In the article I showed all 8 possible plans, and described how the two plans at the extreme ends of my list would operate at run-time. I’ve reproduced these two plans below, preceded by the hints that produced them:

leading(t1 t2 t3 t4)
use_hash(t2) no_swap_join_inputs(t2)
use_hash(t3) no_swap_join_inputs(t3)
use_hash(t4) no_swap_join_inputs(t4)
 
--------------------------------------------------------------
| Id  | Operation             | Name | Rows  | Bytes | Cost  |
--------------------------------------------------------------
|   0 | SELECT STATEMENT      |      |     1 |    24 |    11 |
|   1 |  SORT AGGREGATE       |      |     1 |    24 |       |
|*  2 |   HASH JOIN           |      |    70 |  1680 |    11 |
|*  3 |    HASH JOIN          |      |    70 |  1260 |     8 |
|*  4 |     HASH JOIN         |      |    70 |   840 |     5 |
|   5 |      TABLE ACCESS FULL| T1   |    70 |   420 |     2 |
|   6 |      TABLE ACCESS FULL| T2   |    70 |   420 |     2 |
|   7 |     TABLE ACCESS FULL | T3   |    70 |   420 |     2 |
|   8 |    TABLE ACCESS FULL  | T4   |    70 |   420 |     2 |
--------------------------------------------------------------

leading(t1 t2 t3 t4)
use_hash(t2)    swap_join_inputs(t2)
use_hash(t3)    swap_join_inputs(t3)
use_hash(t4)    swap_join_inputs(t4)
 
--------------------------------------------------------------
| Id  | Operation             | Name | Rows  | Bytes | Cost  |
--------------------------------------------------------------
|   0 | SELECT STATEMENT      |      |     1 |    24 |    11 |
|   1 |  SORT AGGREGATE       |      |     1 |    24 |       |
|*  2 |   HASH JOIN           |      |    70 |  1680 |    11 |
|   3 |    TABLE ACCESS FULL  | T4   |    70 |   420 |     2 |
|*  4 |    HASH JOIN          |      |    70 |  1260 |     8 |
|   5 |     TABLE ACCESS FULL | T3   |    70 |   420 |     2 |
|*  6 |     HASH JOIN         |      |    70 |   840 |     5 |
|   7 |      TABLE ACCESS FULL| T2   |    70 |   420 |     2 |
|   8 |      TABLE ACCESS FULL| T1   |    70 |   420 |     2 |
--------------------------------------------------------------

Side note: one of the comments on the original post raised the point that (e.g.) the second of the plans above could have been generated by the join order represented by the hint leading(t2 t1 t3 t4), and that’s absolutely correct. In fact, if you see the plan for a 4 table join consisting of nothing but 3 hash join you cannot be certain what join order the optimizer was examining when it produced that plan unless you look at the CBO trace file (or check to see if it’s been explicitly and completely, hinted in the code).

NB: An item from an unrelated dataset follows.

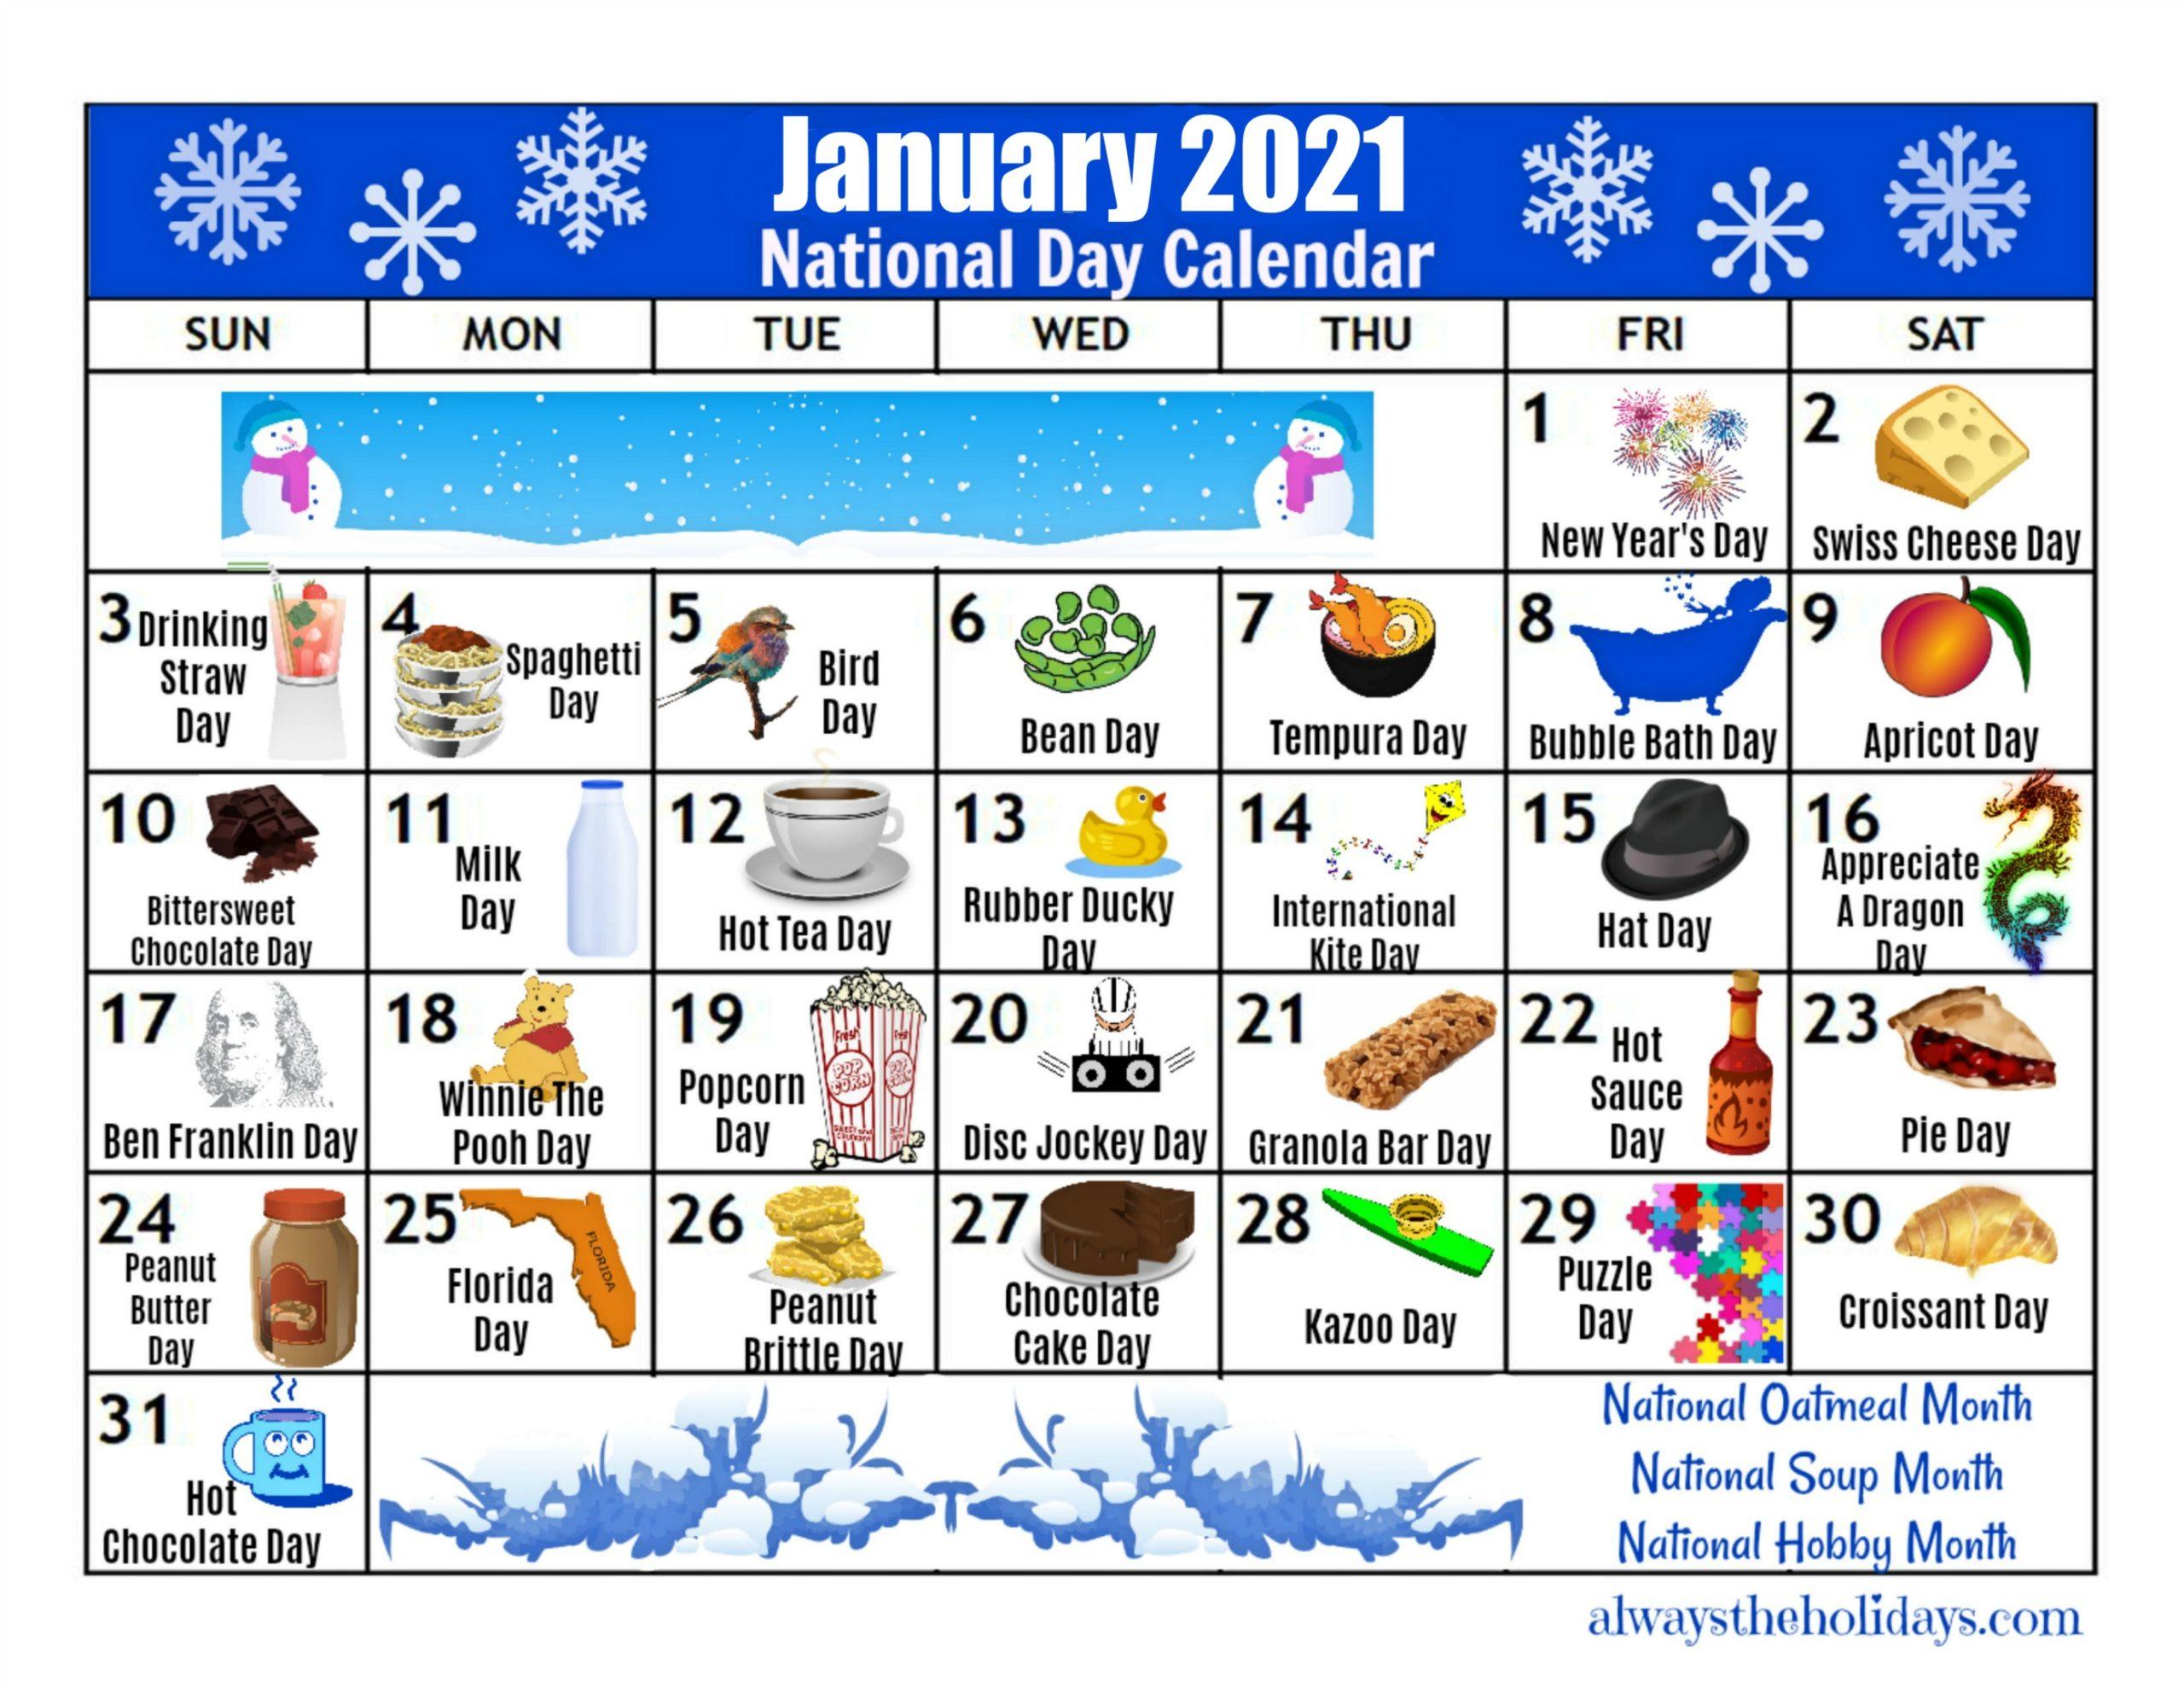 January Printable National Day Calendar 2021 - Free Planning regarding Printable National Day Calendar 2021

Having set the scene, we come to the question that prompted this note. The question related to the second plan above, and said:

“However, this one is the plan that takes the most memory in the PGA because it builds 3 hash tables before joining any table, right?”

The quick answer to the question is: “Not necessarily.”

In the original article I had pointed out that plans following the pattern of the first plan above with N tables and N – 1 joins would have at most two build tables in memory at any one moment while the bottom plan would create N – 1 build tables in memory before any join results could be created. This does rather invite the inference that the bottom plan has to be the one that is going to use most PGA memory, but what I had said in the original article was (emphasis added):

“Notice: the number of in-memory hash (build) tables we have in the first of the 8 plans at any instant after the first join starts is two and (no matter how many tables are involved in this pattern) the number of in-memory hash tables will always be two. The actual size of the two hash tables is a little unpredictable and, as a very crude guideline, you might expect the size to grow as more tables are joined into the result set.

As a thought experiment, consider 3 small dimension tables and one big fact table. If Oracle were to create in-memory hash tables from the three dimension tables and then start scanning the fact table (following the pattern of the second plan above with t1 in the role of the fact table) probing each of the dimension tables in turn, it could deliver the first result row very quickly without requiring more memory to store intermediate results.

Conversely if Oracle were to create a tiny in-memory hash table from the first dimension and probe it with the fact table (following the pattern of the first plan above with t2 in the role of the fact table) Oracle would then have to build a very large in-memory hash table before before probing it with the second dimension table, and as that second join takes place it would be generating a new result set that would become the next big in-memory hash table.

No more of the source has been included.